On Feb 11, 2008 10:28 PM, Bram Moolenaar <[EMAIL PROTECTED]> wrote:
>
>
> Dominique Pelle wrote:
>
> > On Feb 5, 2008 8:40 AM, Tony Mechelynck <[EMAIL PROTECTED]> wrote:
> > >
> > > Kazuo Teramoto wrote:
> > > >> Same (start at X, stop at Y) for
> > > >> :call search("^", "e")
> > > >> :call search("^", "ce")
> > > >
> > > > Ouch, for me this is a little more serious, if I try this calls my vim
> > > > always segfault (I don't need a test file and using -u NONE -U none),
> > > > I don't know what need to be posted but the :version is
> > > >
> > > > VIM - Vi IMproved 7.0 (2006 May 7, compiled Aug 29 2007 10:59:43)

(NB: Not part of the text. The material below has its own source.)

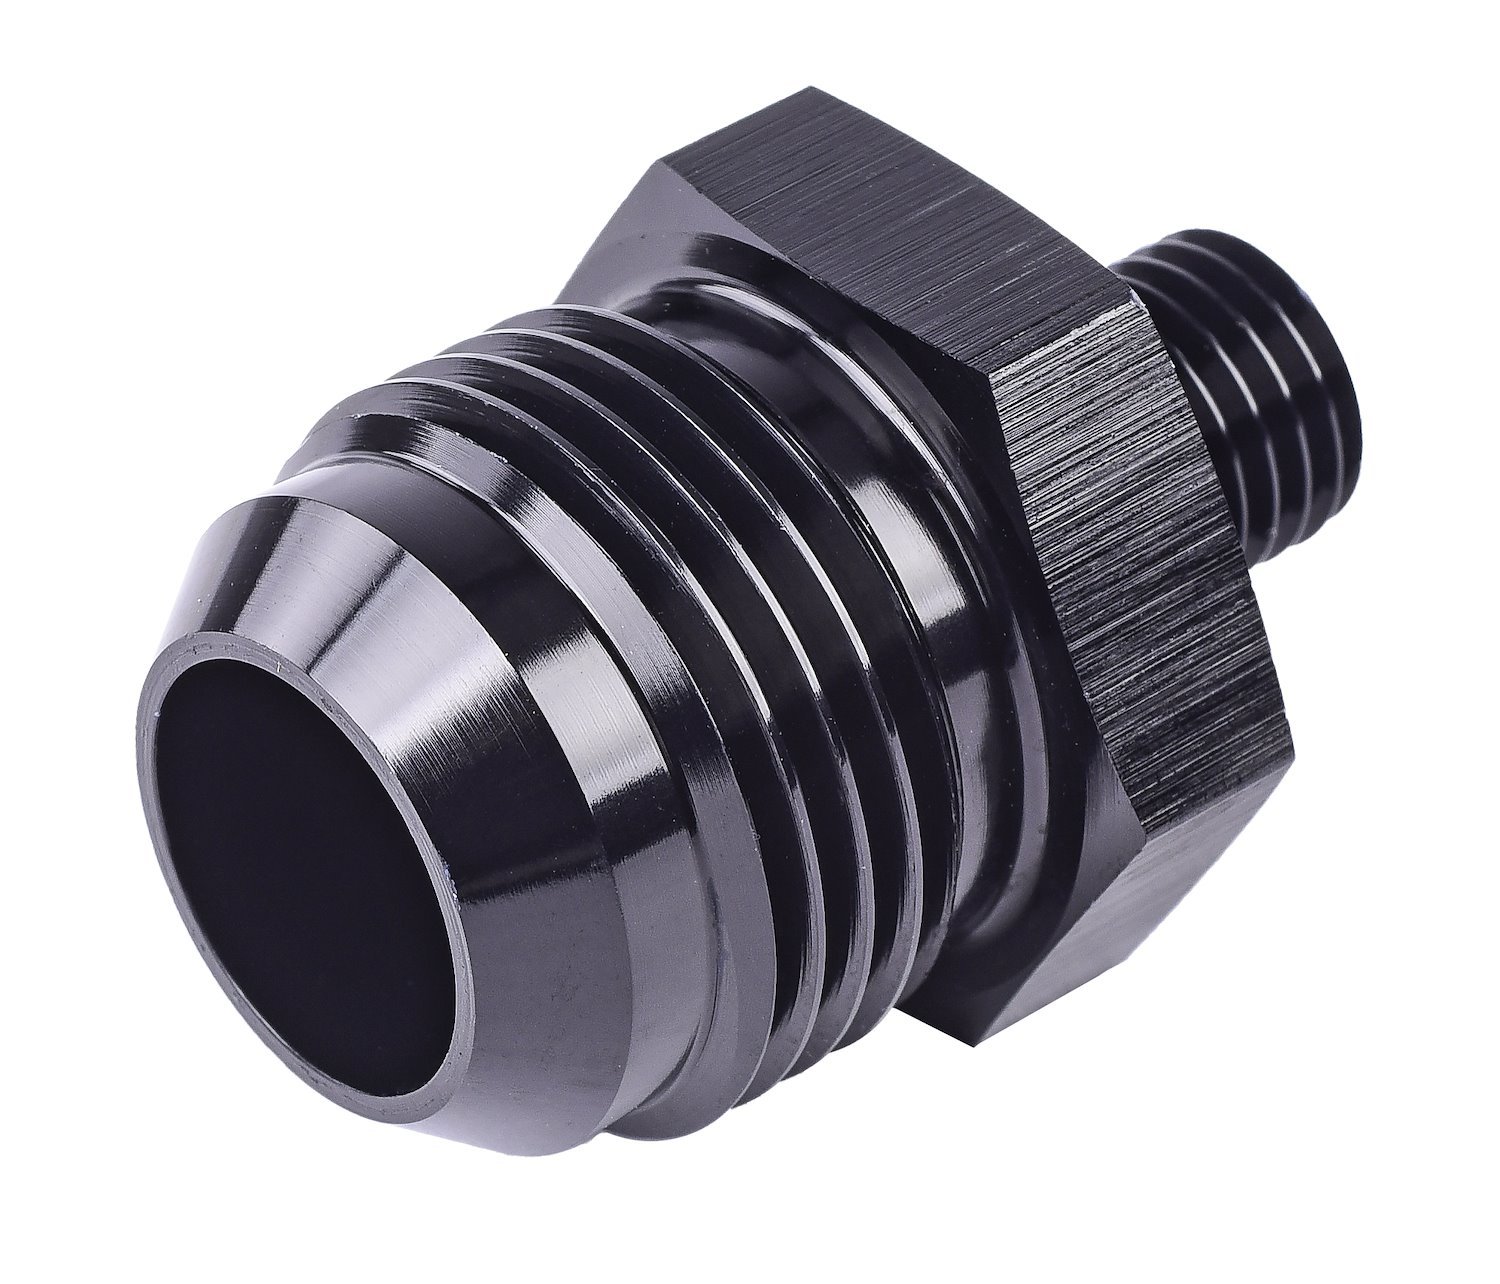 AN to Metric Adapter Fitting [-12 AN Male to 14mm x 1.5 Male]

> > > > Included patches: 1-122, 234-235, 39
> > > > Big version without GUI. Features included (+) or not (-):
> > >
> > > ??? with patch 39 applied twice ??? none of 123-233 (a hundred and eleven
> > > missing patches) ??? and no "compiled-by" line ??? Oh, and it's a 7.0
> > > anyway.
> > > Maybe you ought to install a 7.1 version (of which the current patchlevel
> > > is
> > > 7.1.242)? See my "HowTo" page,
> > > http://users.skynet.be/antoine.mechelynck/vim/compunix.htm
> >
> >
> > I have a normal installation of vim-7.1.242 (all patches) and it's
> > crashing for me as well. I have the same version of vim on
> > 2 machines (one linux x66 and one linux x86_64) and it's only
> > crashing on the the x86_64 machine only.
> >
> > As soon as I type ":call search('\_s*a\_s*','e')" I get a core dump
> > on the x86_64 machine:
> >
> > $ ./vim
> > Vim: Caught deadly signal SEGV
> > Vim: preserving files...
> > Vim: Finished.
> > Segmentation fault (core dumped)
> >
> > $ gdb ./vim core
> > ...
> > Core was generated by `./vim'.
> > Program terminated with signal 11, Segmentation fault.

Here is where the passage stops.